*Dataset extract*.

================================

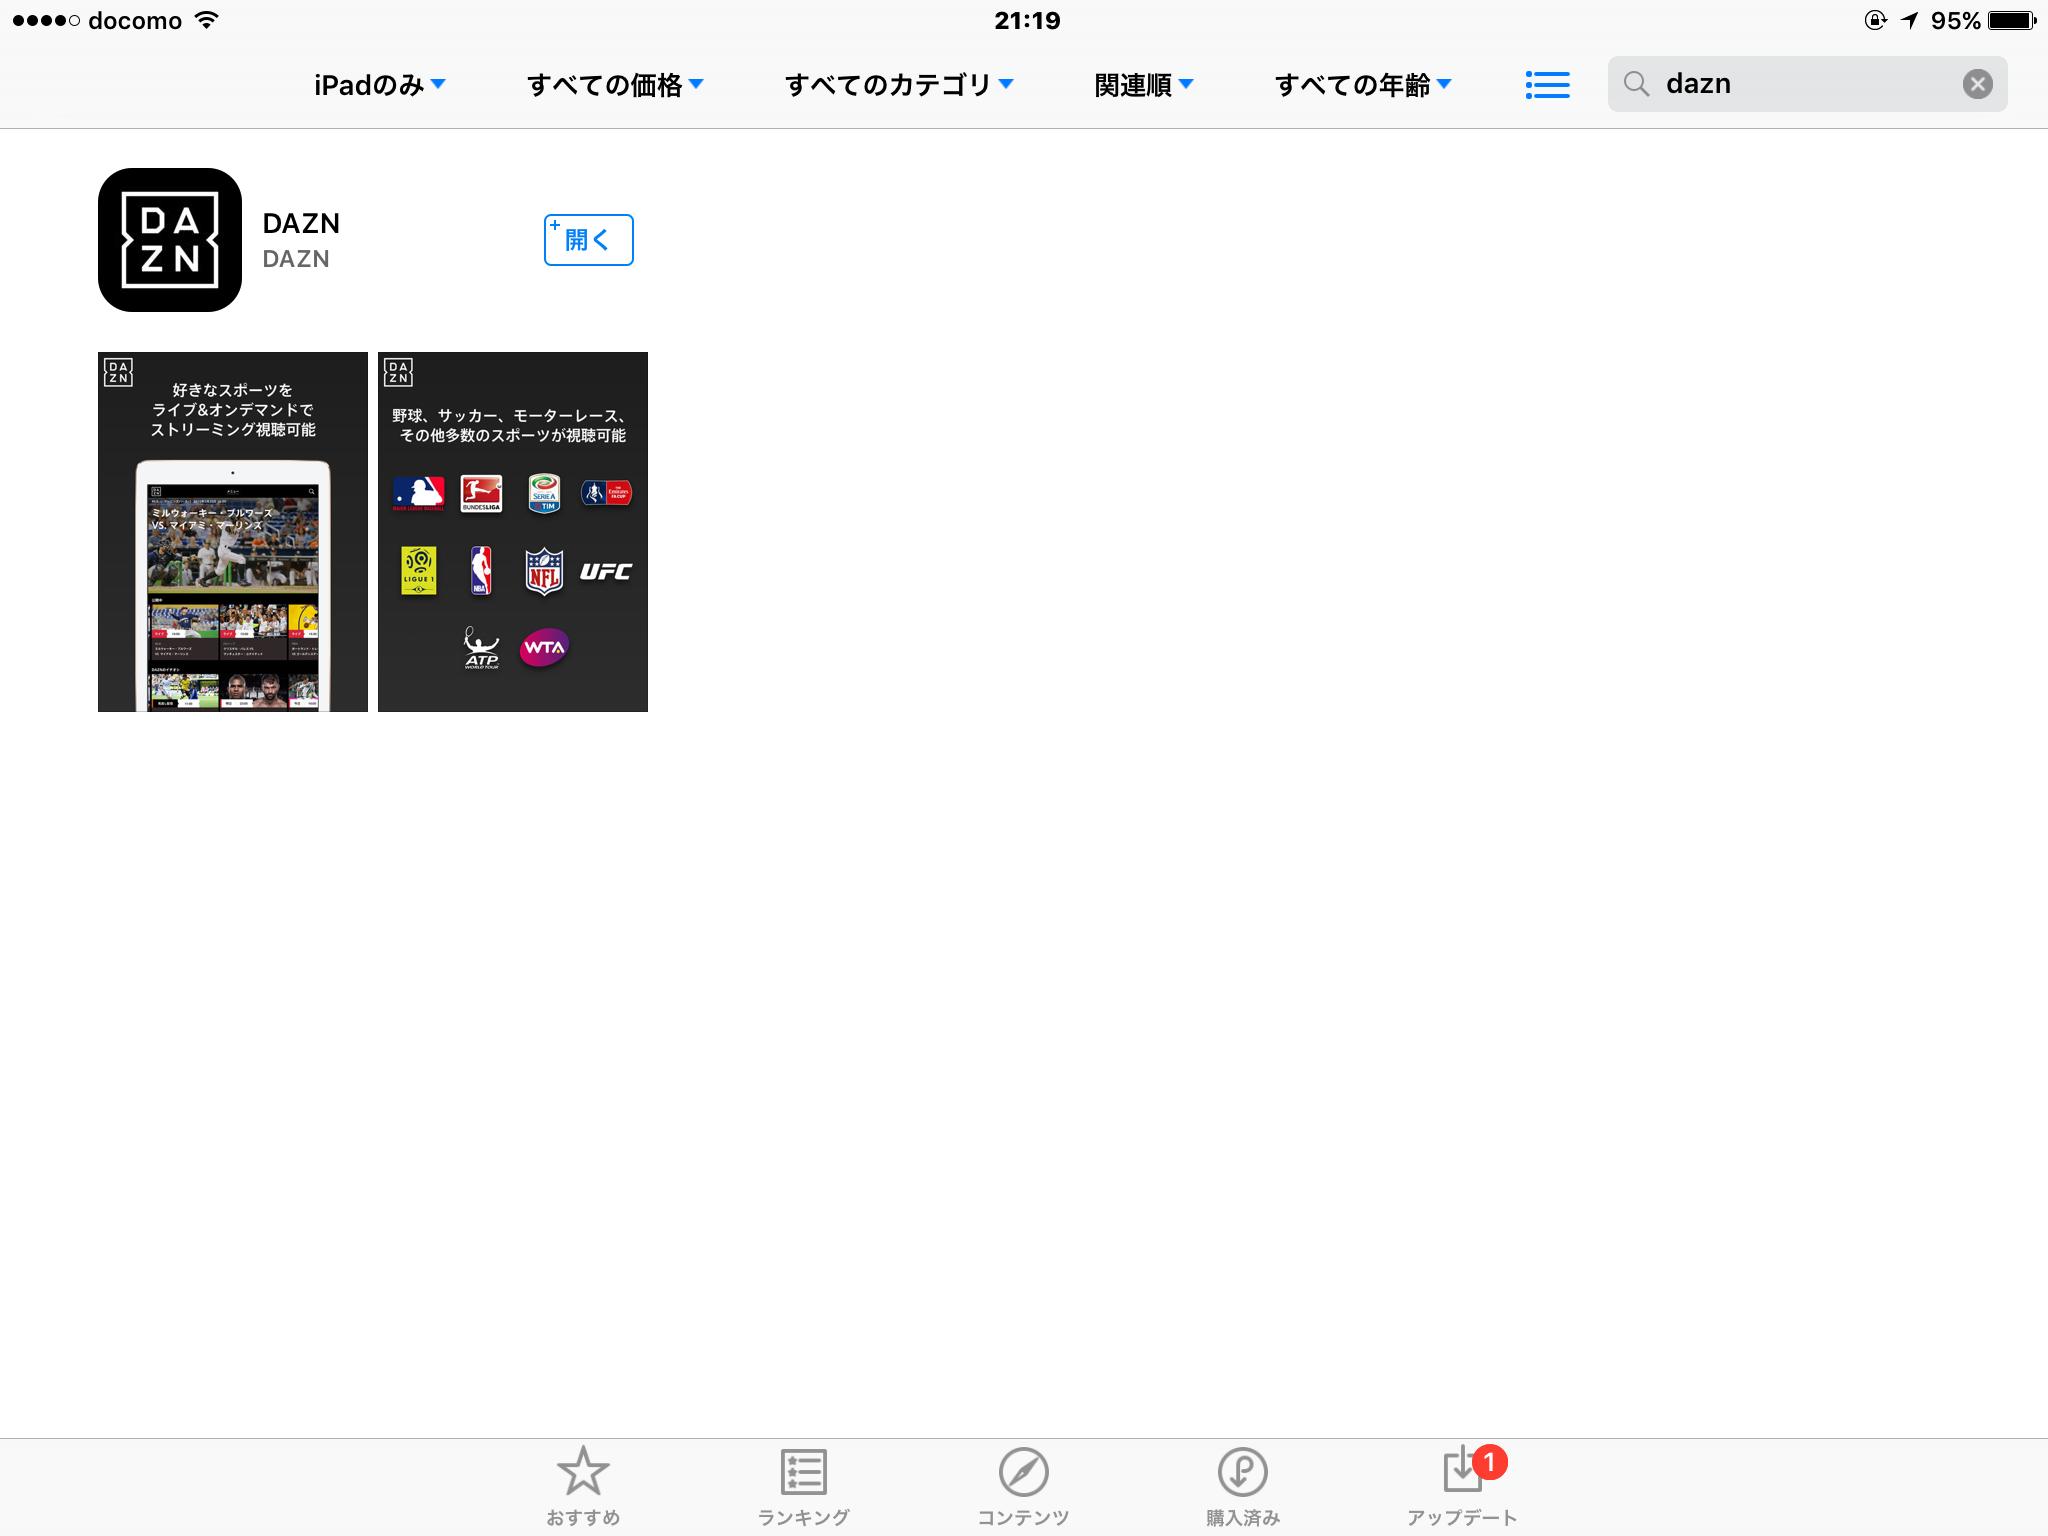 DAZNを見るためにはどうしたら良いか?について調べてみた。(3)iOSデバイス(iPad)で見てみよう編
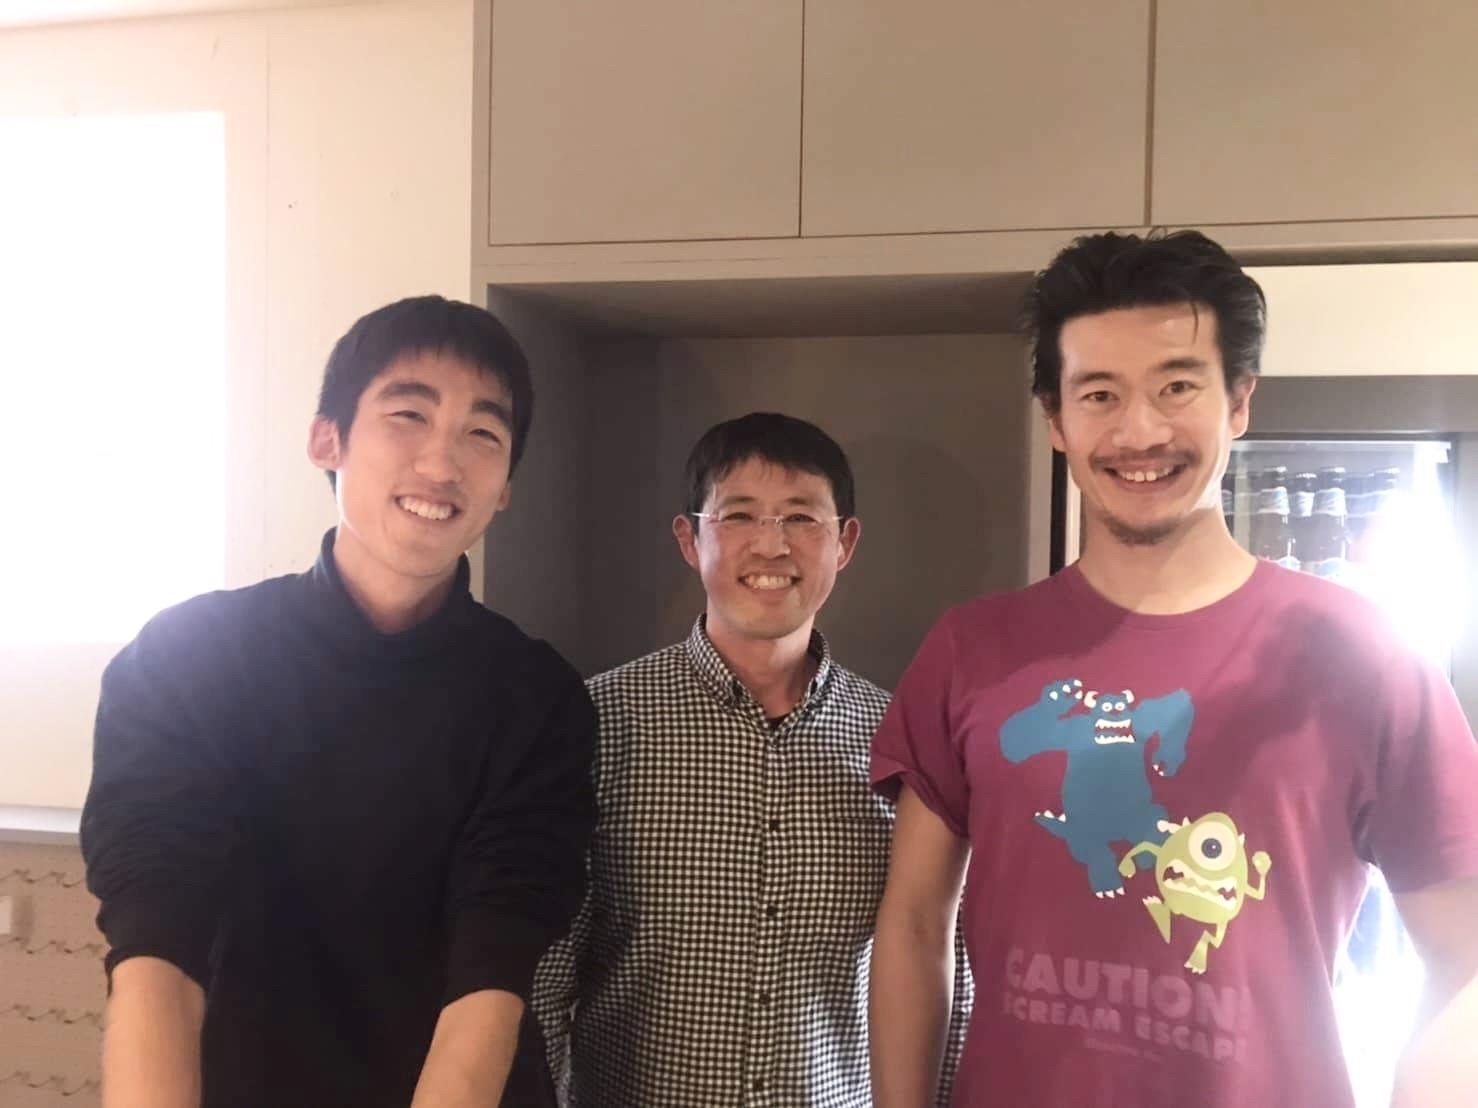 ビーチラグビーのトップ選手、鈴木貫太郎選手(左)と
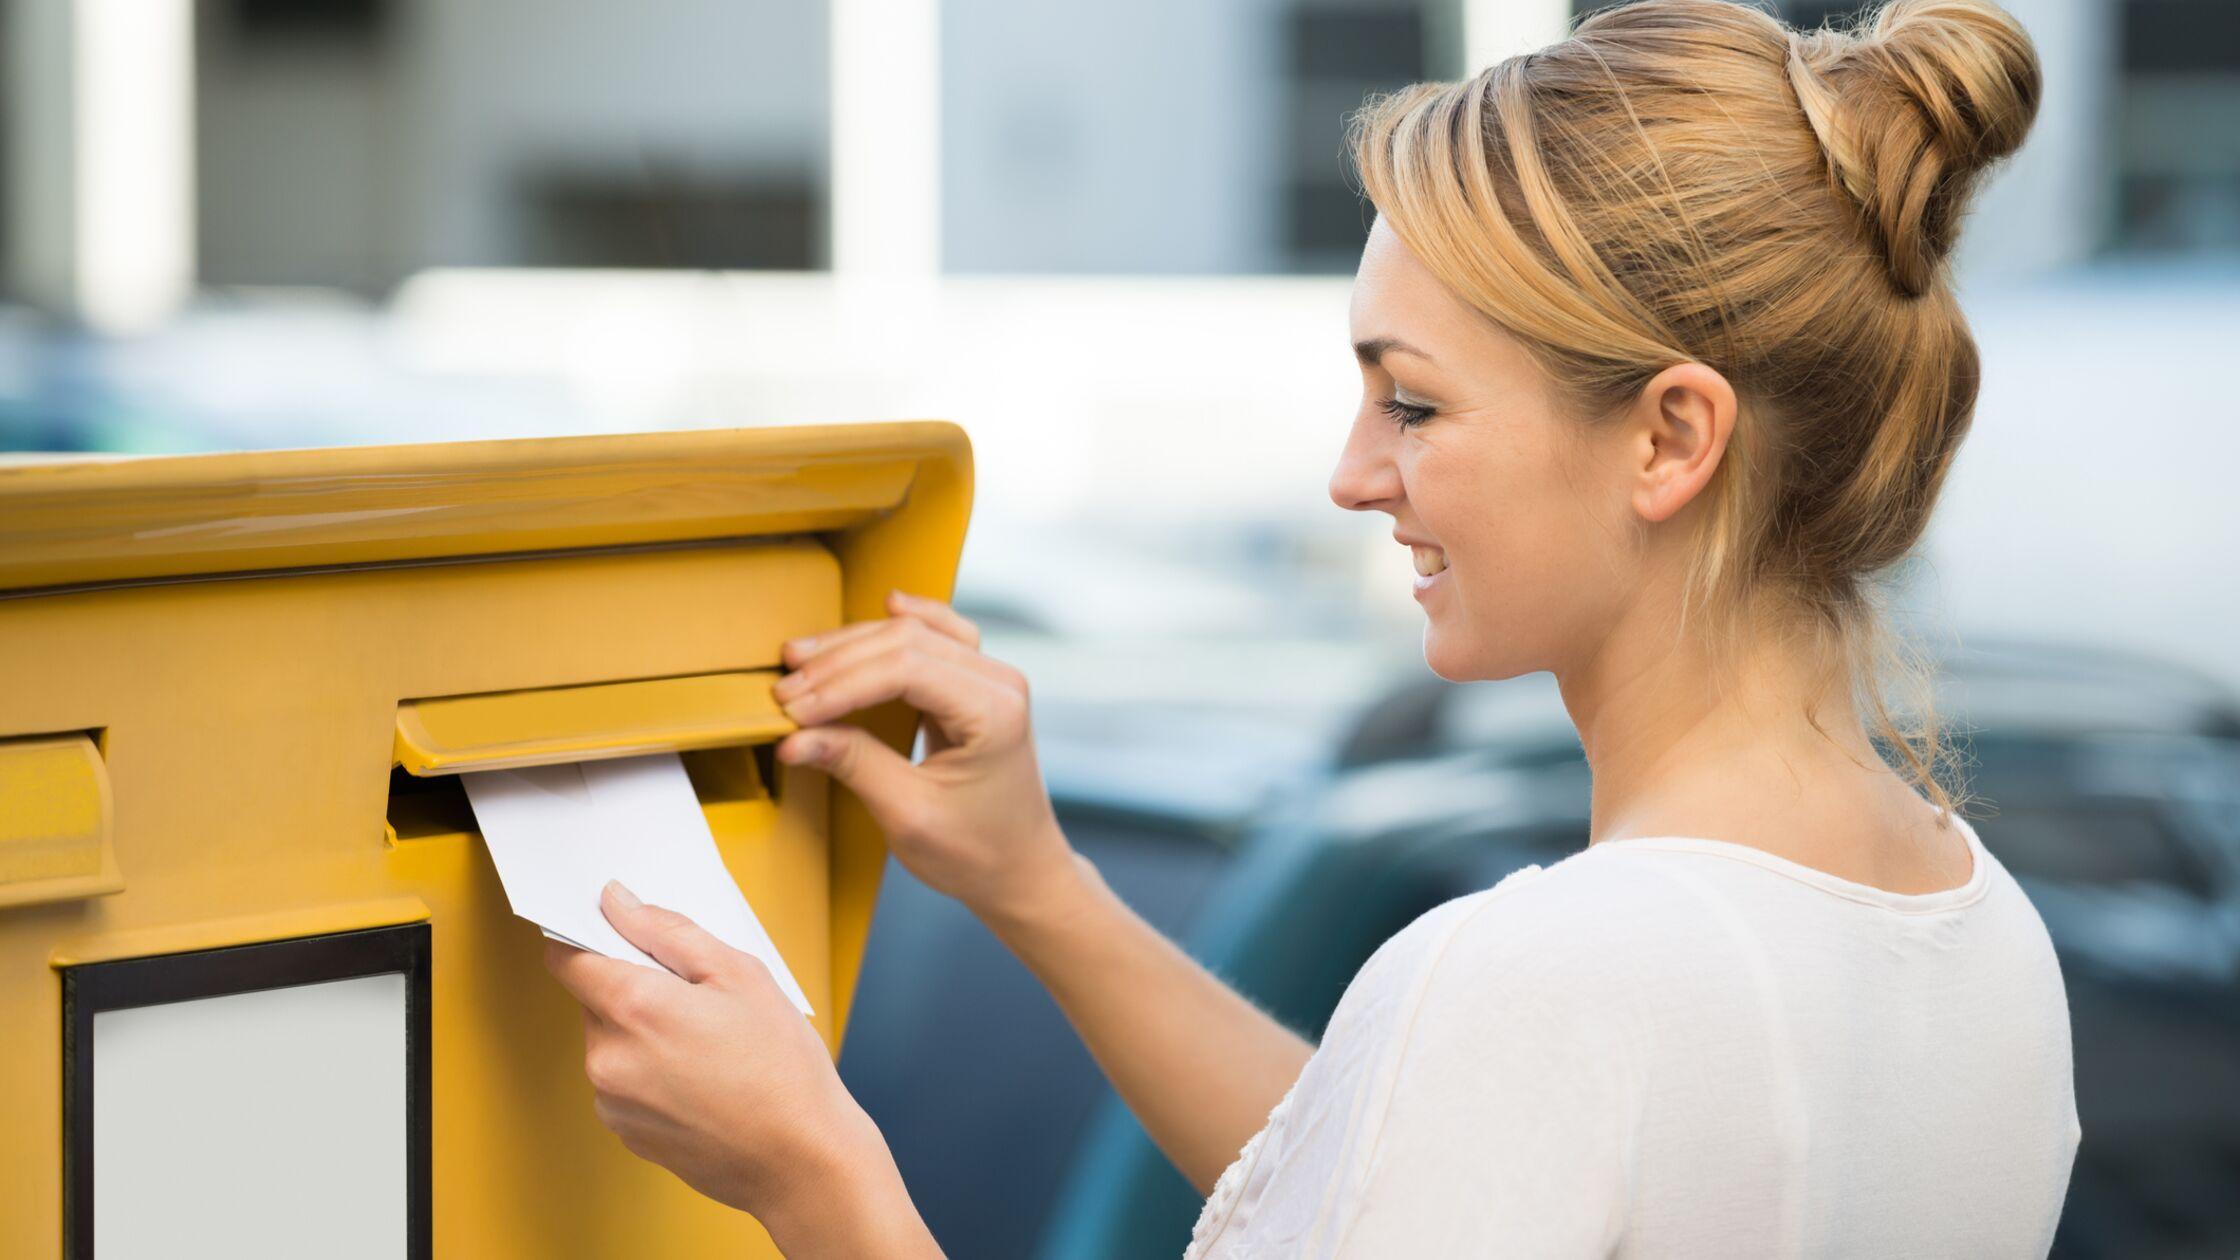 Junge Frau steckt einen Brief in den Postkasten.

================================

*Brief*. Word for word, restate all of the material above except its pictures.

*Reply to the exercise*.
 DAZNを見るためにはどうしたら良いか?について調べてみた。(3)iOSデバイス(iPad)で見てみよう編
 ビーチラグビーのトップ選手、鈴木貫太郎選手(左)と
 Junge Frau steckt einen Brief in den Postkasten.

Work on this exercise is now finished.